TurakhiaLab / ROADIES

Tool for fully-automated inference of species trees from raw genome assemblies
https://turakhia.ucsd.edu/ROADIES/
MIT License
17 stars 1 forks source link
bioinformatics bioinformatics-pipeline dna phylogenetics python snakemake
# Reference-free Orthology-free Alignment-free DIscordance aware Estimation of Species tree (ROADIES)

Table of Contents

Introduction

Welcome to the official repository of ROADIES, a novel pipeline designed for phylogenetic tree inference of the species directly from their raw genomic assemblies. ROADIES offers a fully automated, easy-to-use, scalable solution, eliminating any error-prone manual steps and providing unique flexibility in adjusting the tradeoff between accuracy and runtime.
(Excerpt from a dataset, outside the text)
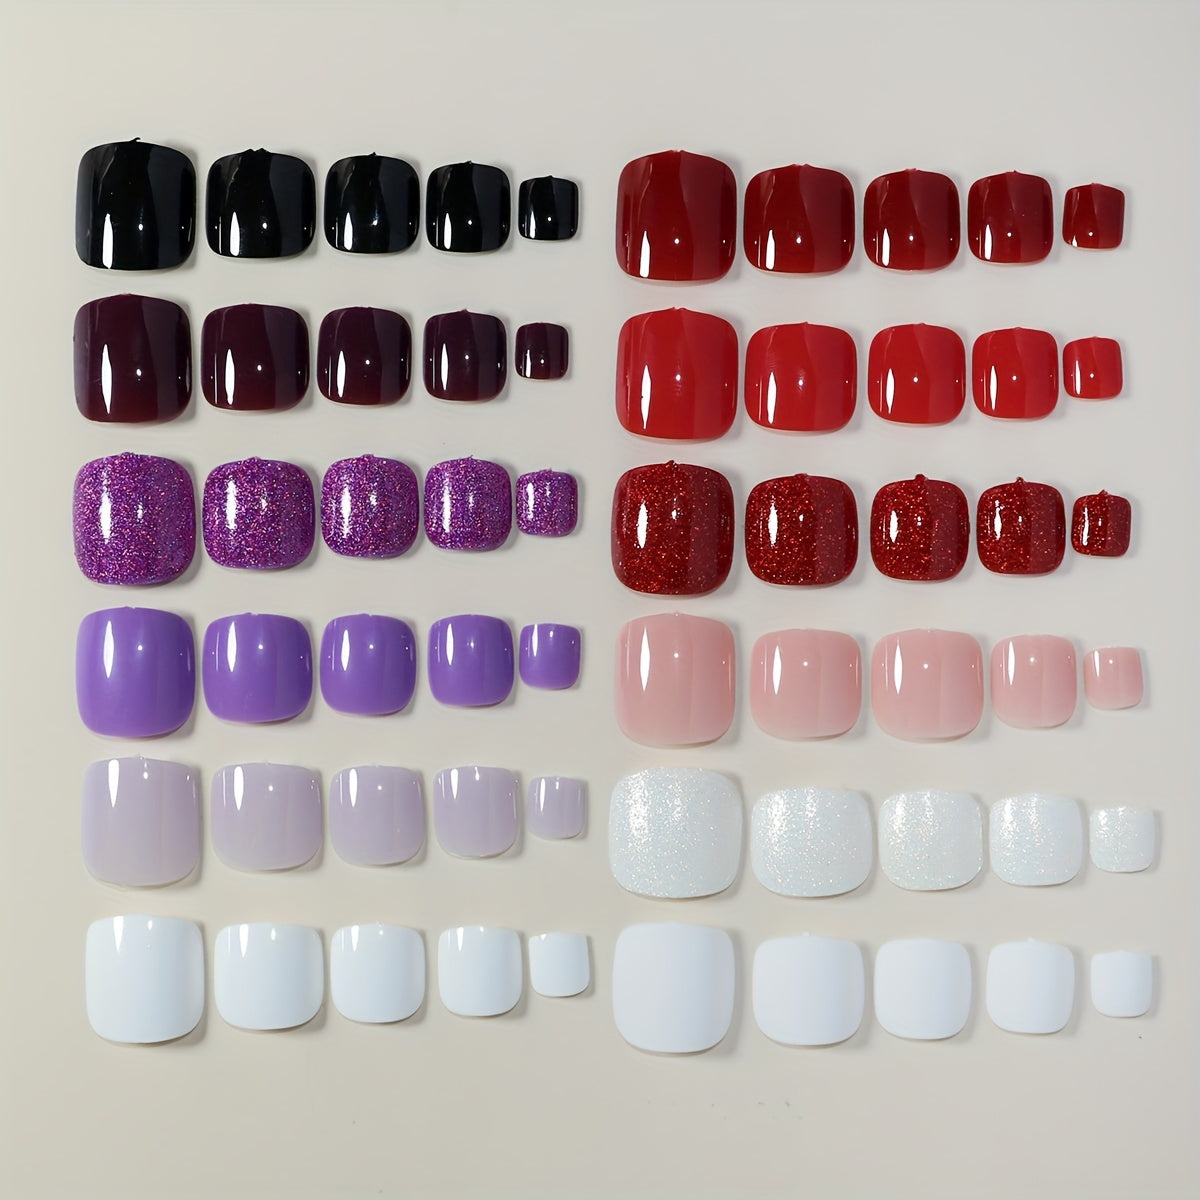 288pcs Short Square Press On Toenails, 12 Colors Glitter & Shiny Fake Toe Nail Art Set for Women & Girls
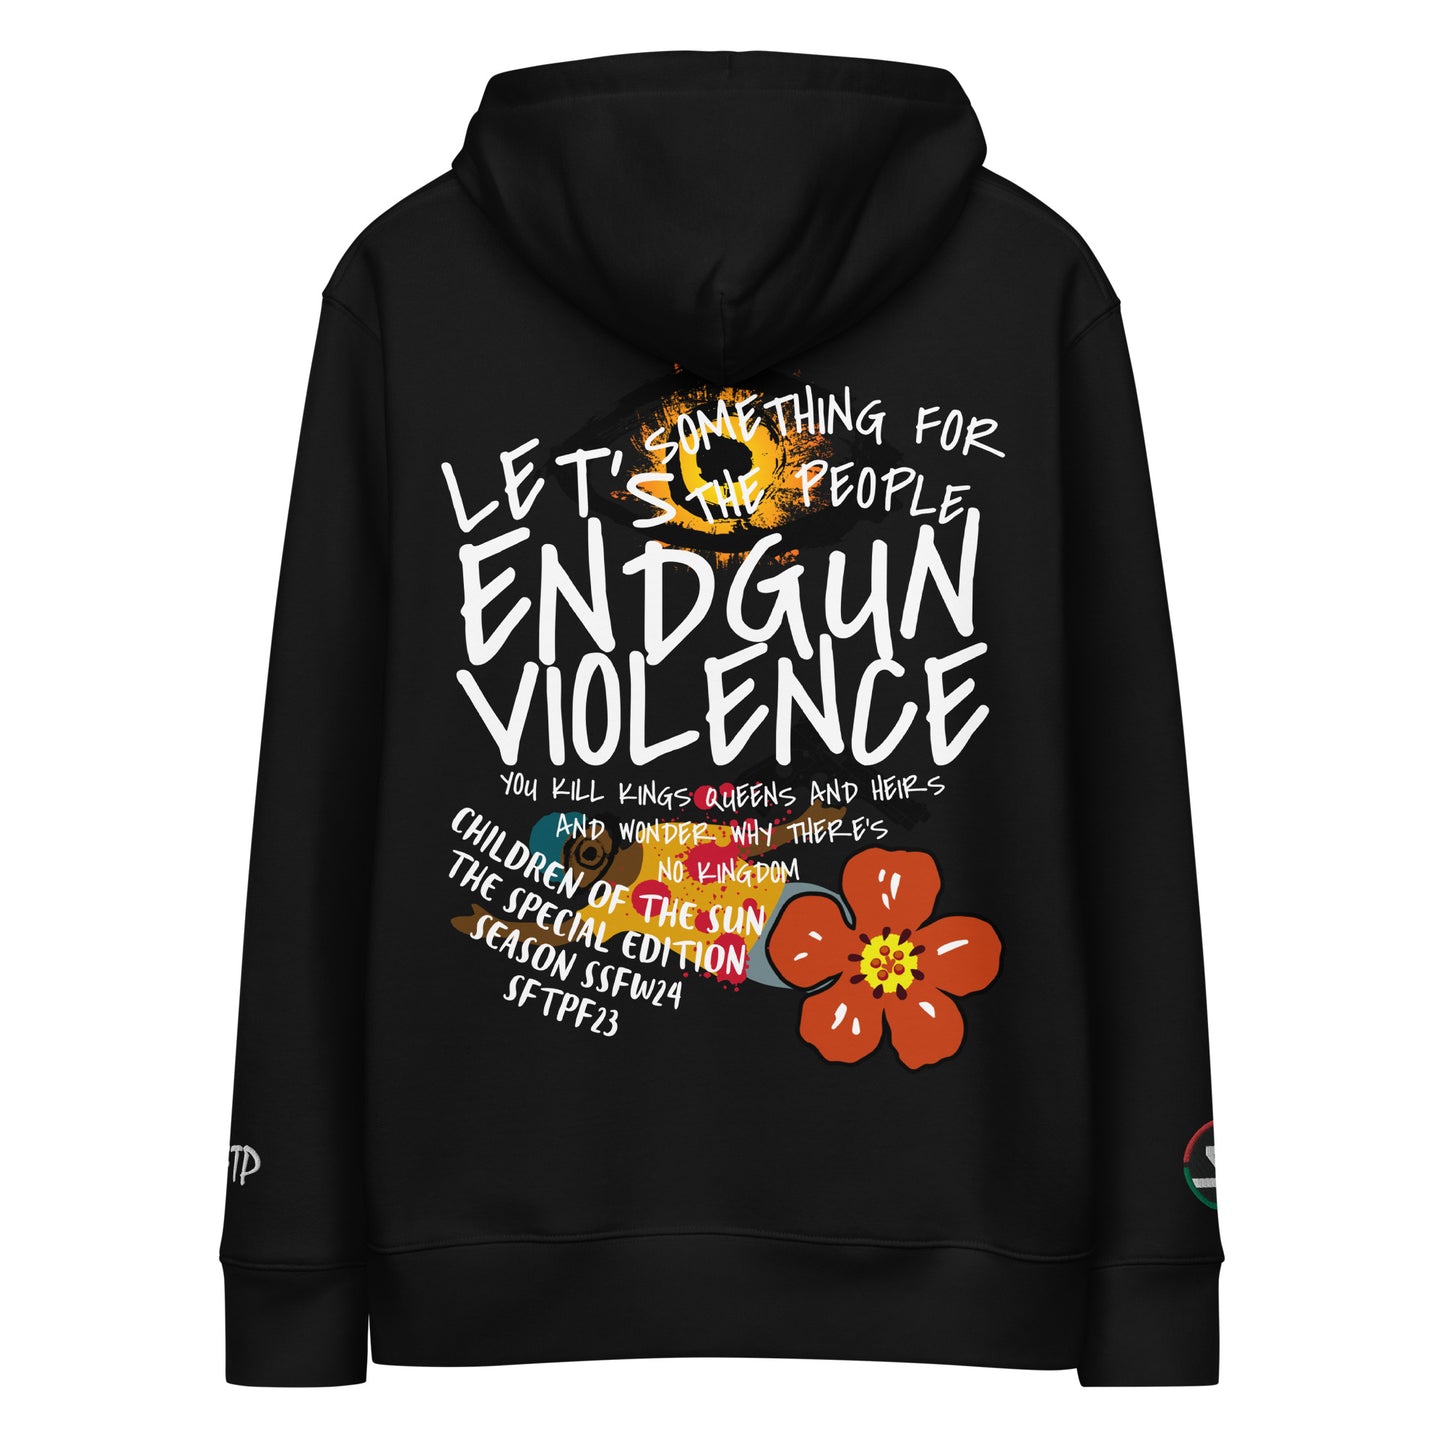 Let’s End Gun Violence II Eco Hoodie

For more detailed information on all the features and settings of ROADIES, please refer to our Wiki.


ROADIES Pipeline Stages
Figure: ROADIES Pipeline Stages

Quick Install

Using DockerHub

To run ROADIES using DockerHub, follow these steps:

  1. Pull the ROADIES Docker image from DockerHub:
docker pull ang037/roadies:latest
  1. Run the Docker container:
docker run -it ang037/roadies:latest

Using Docker locally

First, clone the repository (requires git to be installed in the system):

git clone https://github.com/TurakhiaLab/ROADIES.git
cd ROADIES

Then build and run the Docker container:

docker build -t roadies_image .
docker run -it roadies_image

Using installation script

First clone the repository:

git clone https://github.com/TurakhiaLab/ROADIES.git
cd ROADIES

Then, execute the installation script:

chmod +x roadies_env.sh
source roadies_env.sh

This will install and build all tools and dependencies. Once the setup is complete, it will print Setup complete in the terminal and activate the roadies_env environment with all Conda packages installed.

Required dependencies

To run this script, ensure the following dependencies are installed:

For Ubuntu, you can install these dependencies with:

sudo apt-get install -y wget unzip make g++ python3 python3-pip python3-setuptools git default-jre libgomp1 libboost-all-dev cmake

Note: If you encounter issues with the Boost library, add its path to $CPLUS_LIBRARY_PATH and save it in ~/.bashrc.

Quick Start

Once setup is done, you can run the ROADIES pipeline using the provided test dataset. Follow these steps for a 16-core machine:

  1. Create a directory for the test data and download the test datasets:
mkdir -p test/test_data && cat test/input_genome_links.txt | xargs -I {} sh -c 'wget -O test/test_data/$(basename {}) {}'
  1. Run the ROADIES pipeline:
python run_roadies.py --cores 16

The first command will download the 11 Drosophila genomic datasets (links provided in test/input_genome_links.txt) and save them in the test/test_data directory. The second command will run ROADIES for those 11 Drosophila genomes and save the final newick tree as roadies.nwk in a separate ROADIES/output_files folder upon completion.

Run ROADIES with your own datasets

To run ROADIES with your own datasets, follow these steps:

  1. Specify Input Genomic Dataset: Update the config.yaml file to include the path to your input datasets under the GENOMES parameter. Ensure all input genomic assemblies are in .fa or .fa.gz format and named according to the species' name (e.g., Aardvark.fa).

Note: Each file should contain the genome assembly of one unique species. If a file contains multiple species, split it into individual genome files (fasplit can be used: faSplit byname <input_dir> <output_dir>).

  1. Configure Other Parameters: Adjust other parameters in config.yaml as needed. Detailed information on each parameter is available in the Usage section.

  2. Run the Pipeline: Execute the pipeline with the following command (example for 16 cores):

python run_roadies.py --cores 16

The output species tree in Newick format will be saved as roadies.nwk in the output_files folder.

  1. Modes of operation: ROADIES supports multiple modes of operation (fast, balanced, accurate) by controlling the accuracy-runtime tradeoff. Use any one of the following commands to select a mode (accurate mode is the default):
python run_roadies.py --cores 16 --mode accurate

python run_roadies.py --cores 16 --mode balanced

python run_roadies.py --cores 16 --mode fast

Contributions and Support

We welcome contributions from the community. If you encounter any issues or have suggestions for improvement, please open an issue on GitHub. For general inquiries and support, reach out to our team.

Citing ROADIES

If you use ROADIES in your research or publications, please cite the following paper:

Gupta A, Mirarab S, Turakhia Y, (2024). Accurate, scalable, and fully automated inference of species trees from raw genome assemblies using ROADIES. bioRxiv. https://www.biorxiv.org/content/10.1101/2024.05.27.596098v1

Accessing ROADIES output files

The output files with the gene trees and species trees generated by ROADIES are deposited to Dryad. To access it, please refer to this link (Note: the dataset submission is undergoing review and a permanent link will be posted once available).